The C-TERMINUS of AtGRIP Is Crucial for Its Self-Association and for Targeting to Golgi Stacks in Arabidopsis

Background In animals and fungi, dimerization is crucial for targeting GRIP domain proteins to the Golgi apparatus. Only one gene in the Arabidopsis genome, AtGRIP, codes for a GRIP domain protein. It remains unclear whether AtGRIP has properties similar to those of GRIP domain proteins. Results In this study, western blot and yeast two-hybrid analyses indicated that AtGRIPs could form a parallel homodimer. In addition, yeast two-hybrid analysis indicated that AtGRIPaa711–753, AtGRIPaa711–766 and AtGRIPaa711–776 did not interact with themselves, but the intact GRIP domain with the AtGRIP C-terminus did. Confocal microscopy showed that only an intact GRIP domain with an AtGRIP C-terminus could localize to the Golgi stacks in Arabidopsis leaf protoplasts. A BLAST analysis showed that the C-terminus of GRIP proteins was conserved in the plant kingdom. Mutagenesis and yeast two-hybrid analyses showed that the L742 of AtGRIP contributed to dimerization and was crucial for Golgi localization. Conclusions These results indicate that the C-terminus of GRIP proteins is essential for self-association and for targeting of Golgi stacks in plant cells.
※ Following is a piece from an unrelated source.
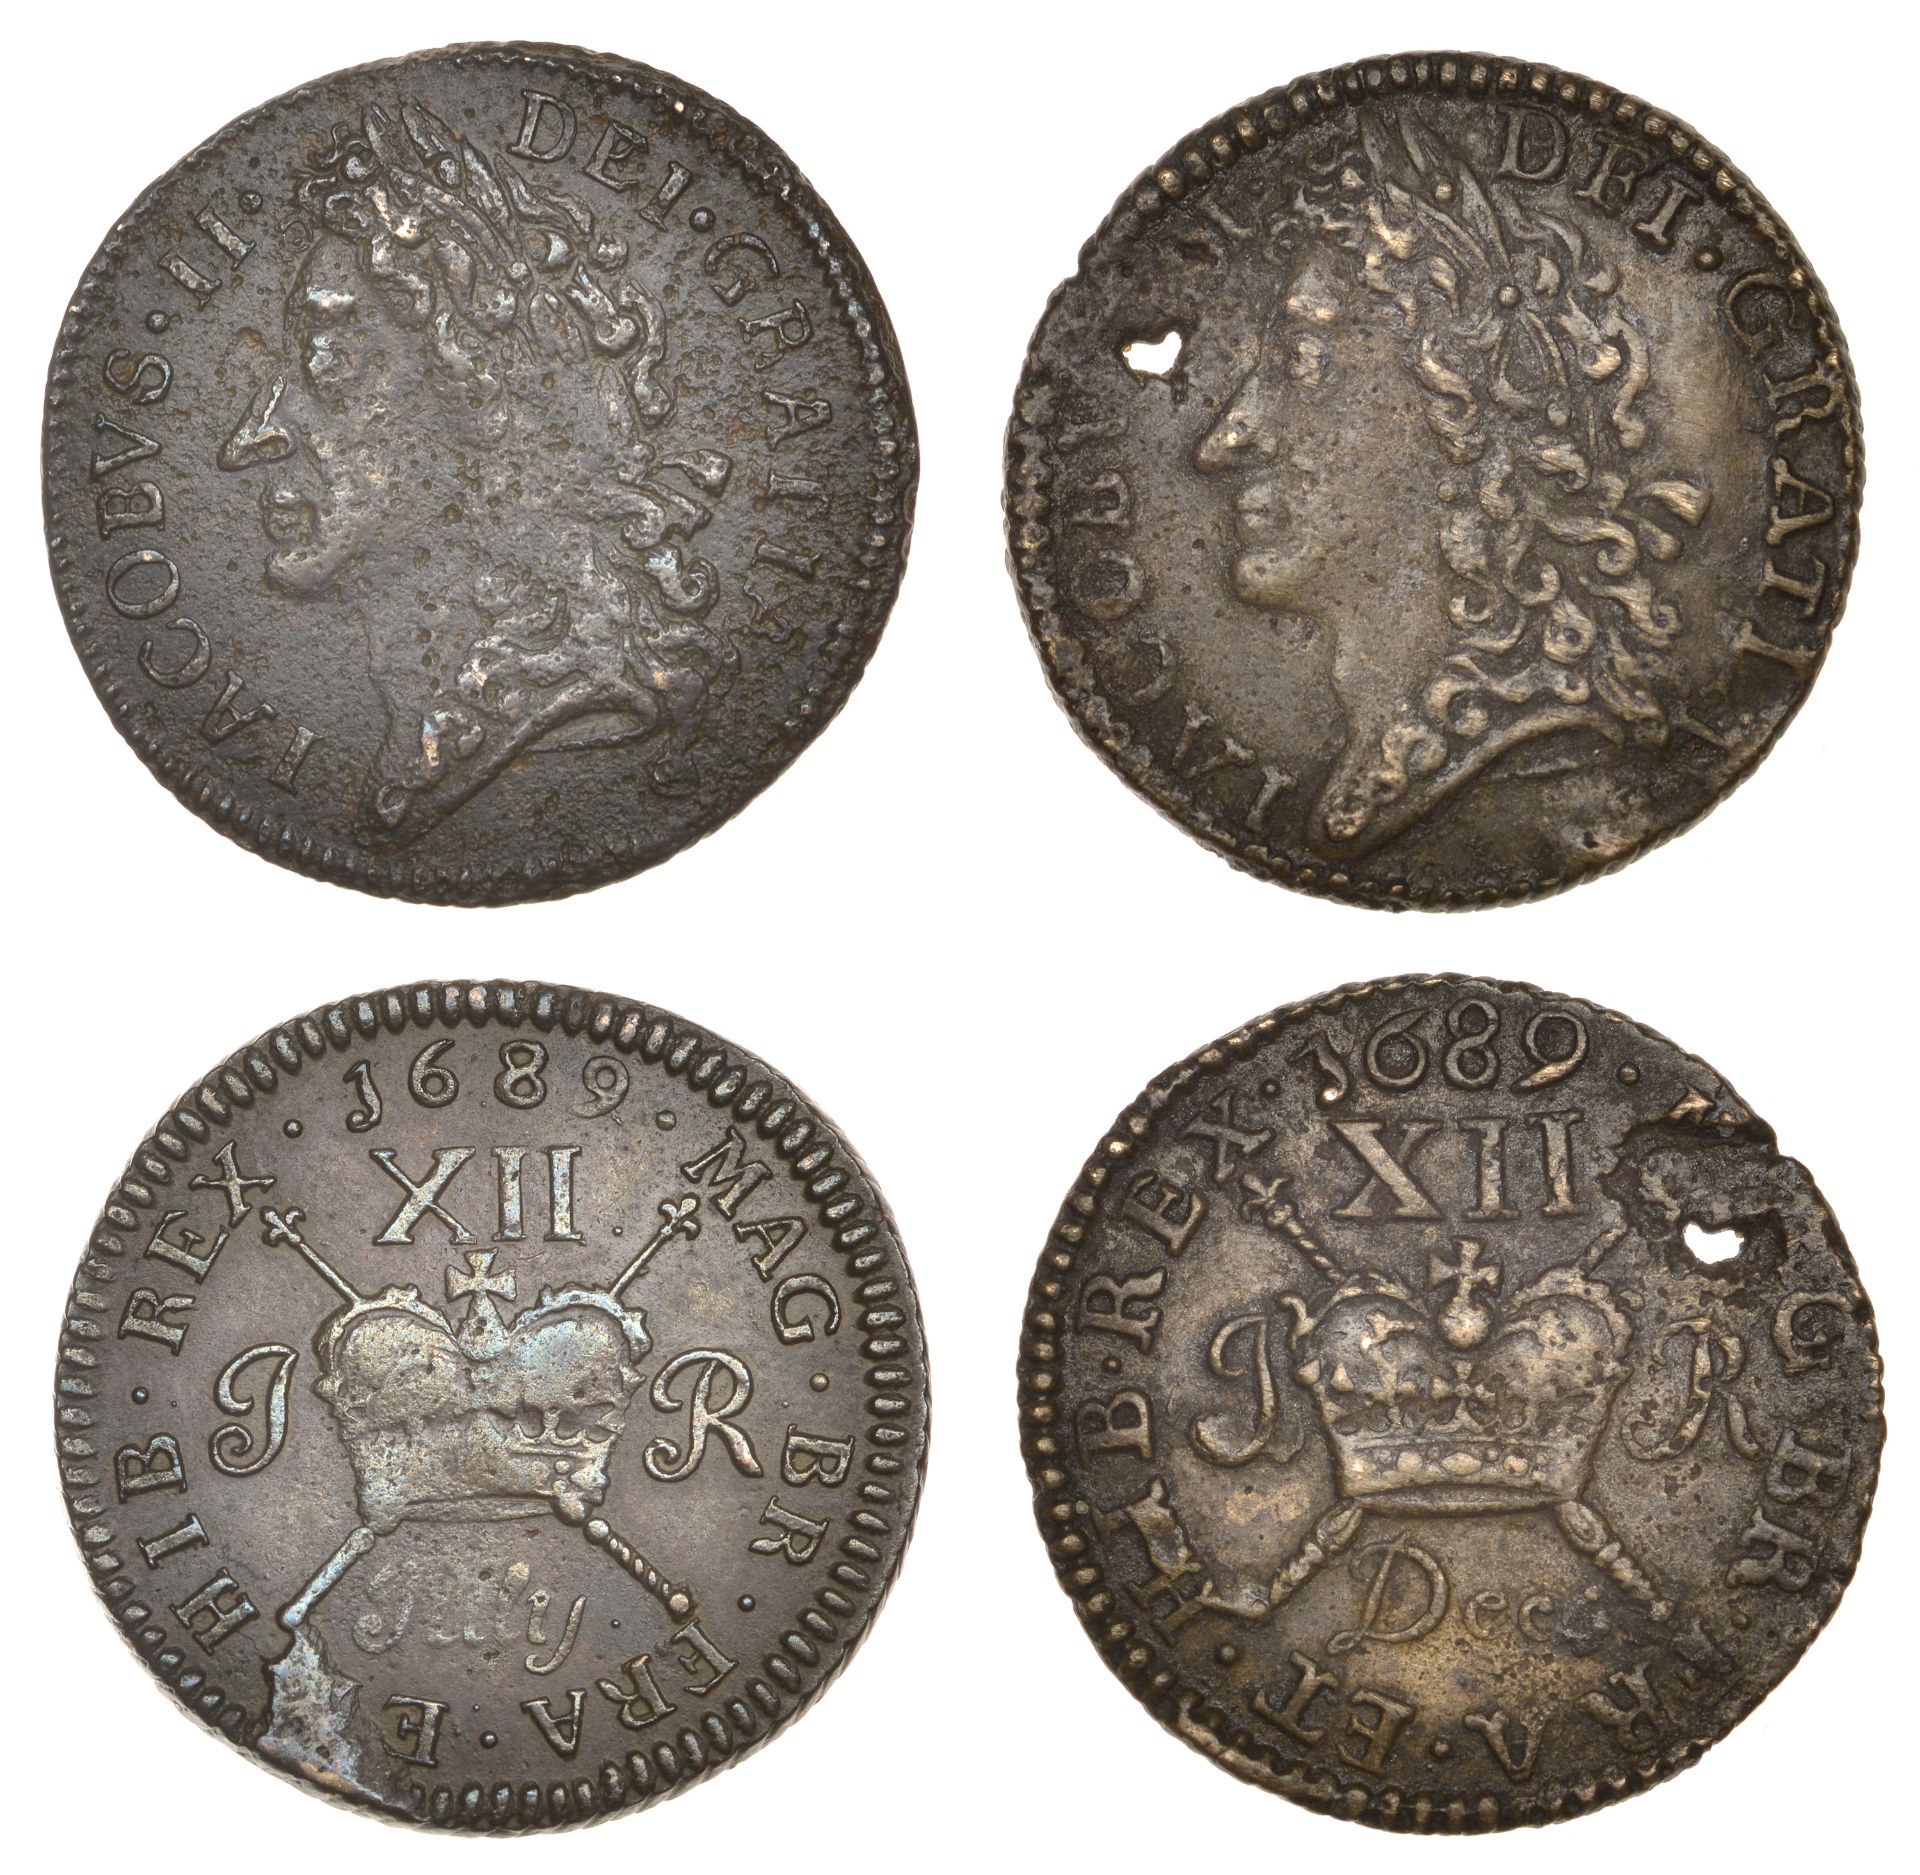 Irish Coins from Various Properties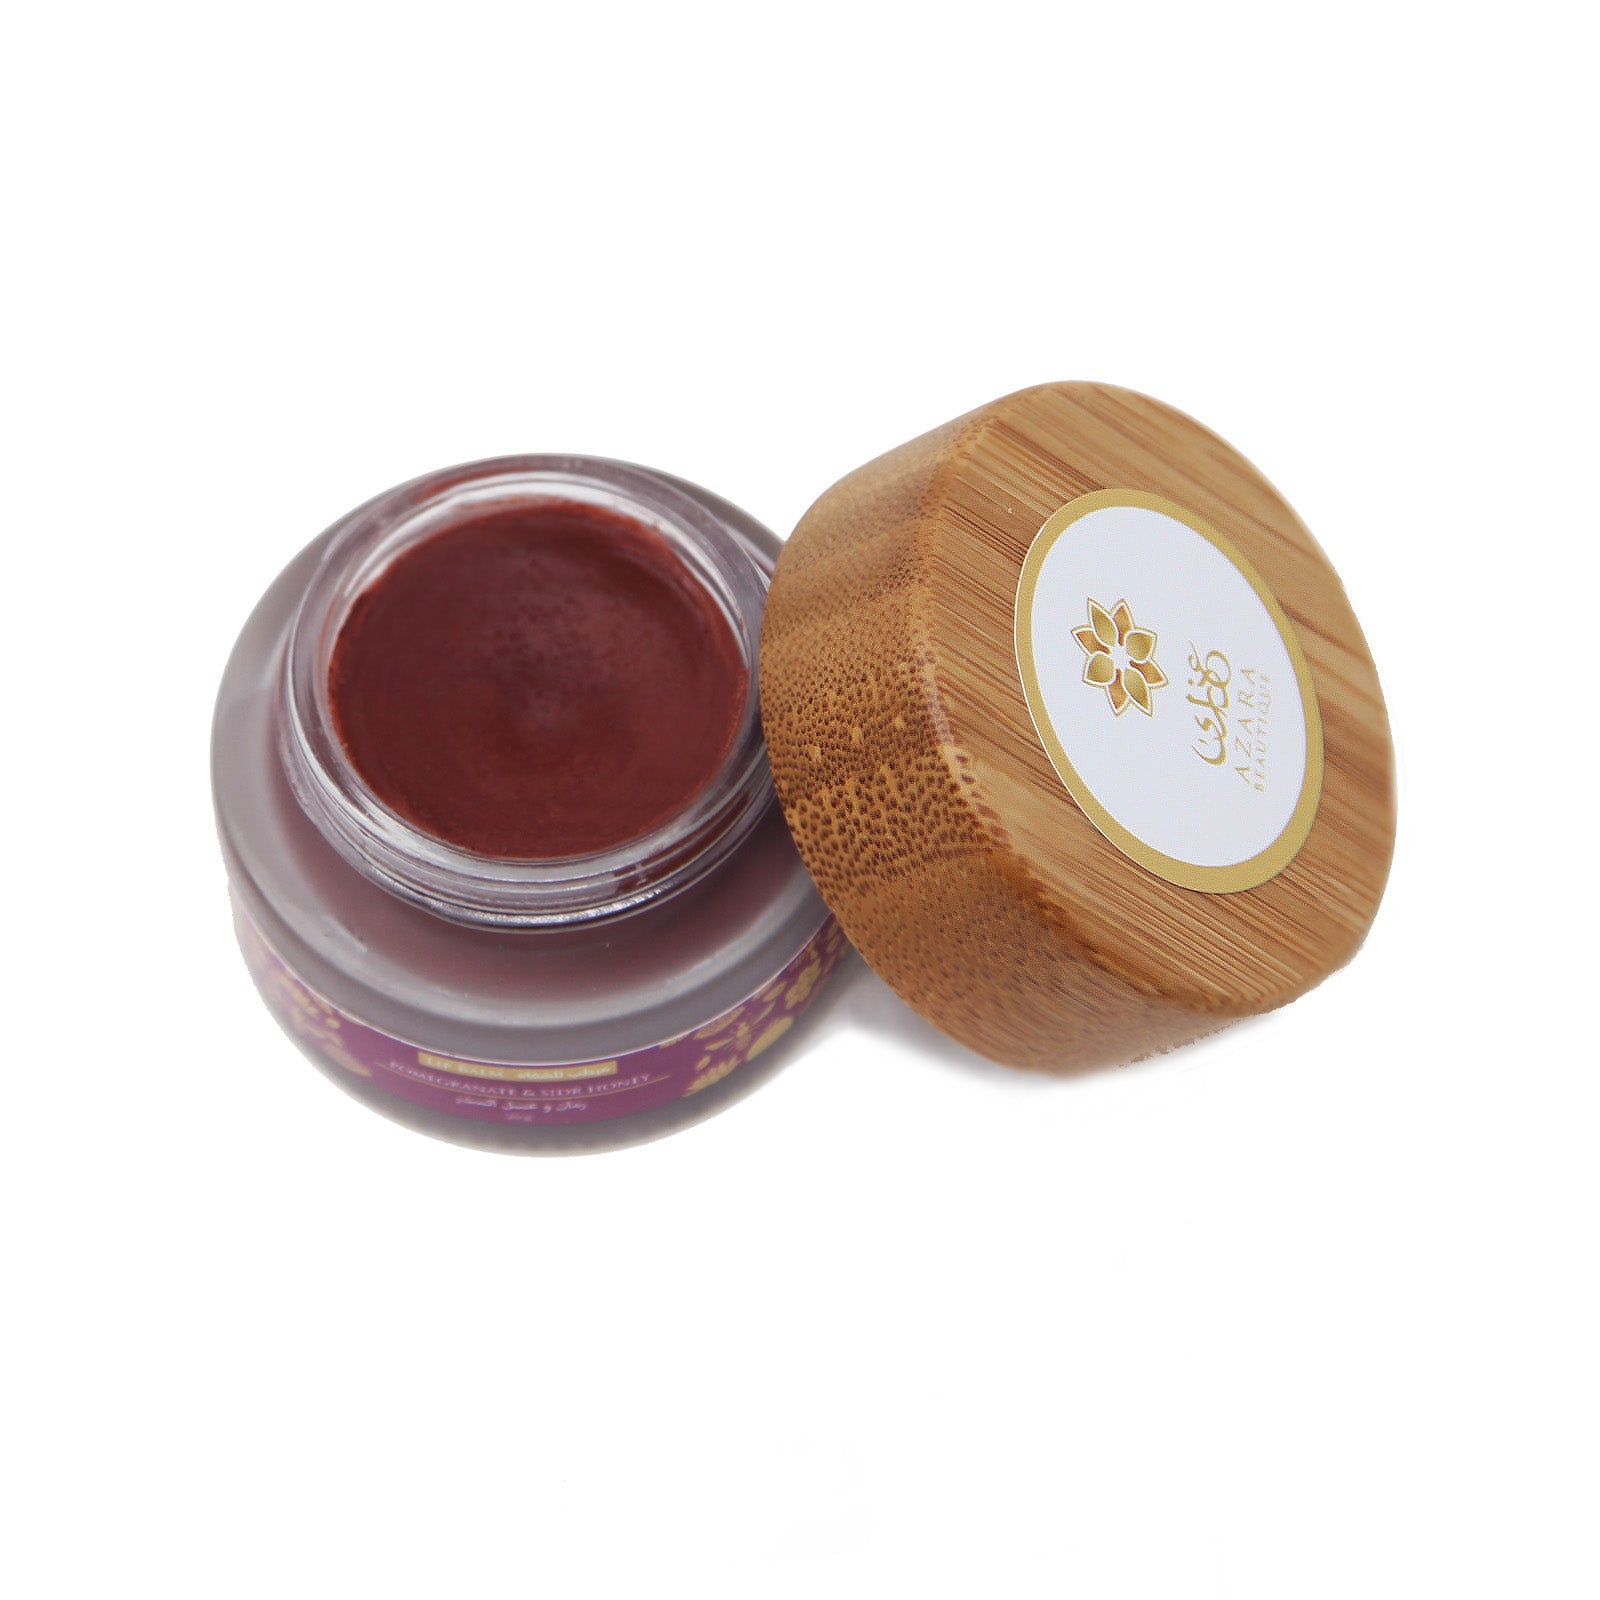 Pomegranate and Sidr Honey Lip Balm - 20g

We suggest that several properties of GRIP proteins differ between plant and animal cells.

• Publication year

  2014

• Venue

  PLoS ONE

• Publication date

  2014-06-05

• Fields of study

  Biology, Medicine

• Identifiers
  DOI 10.1371/journal.pone.0098963PMID 24901770PMCID 4047078
• External record

  Open on Semantic Scholar

• Source metadata

  Semantic Scholar, PubMed

• No claims are published for this paper.

• No concepts are published for this paper.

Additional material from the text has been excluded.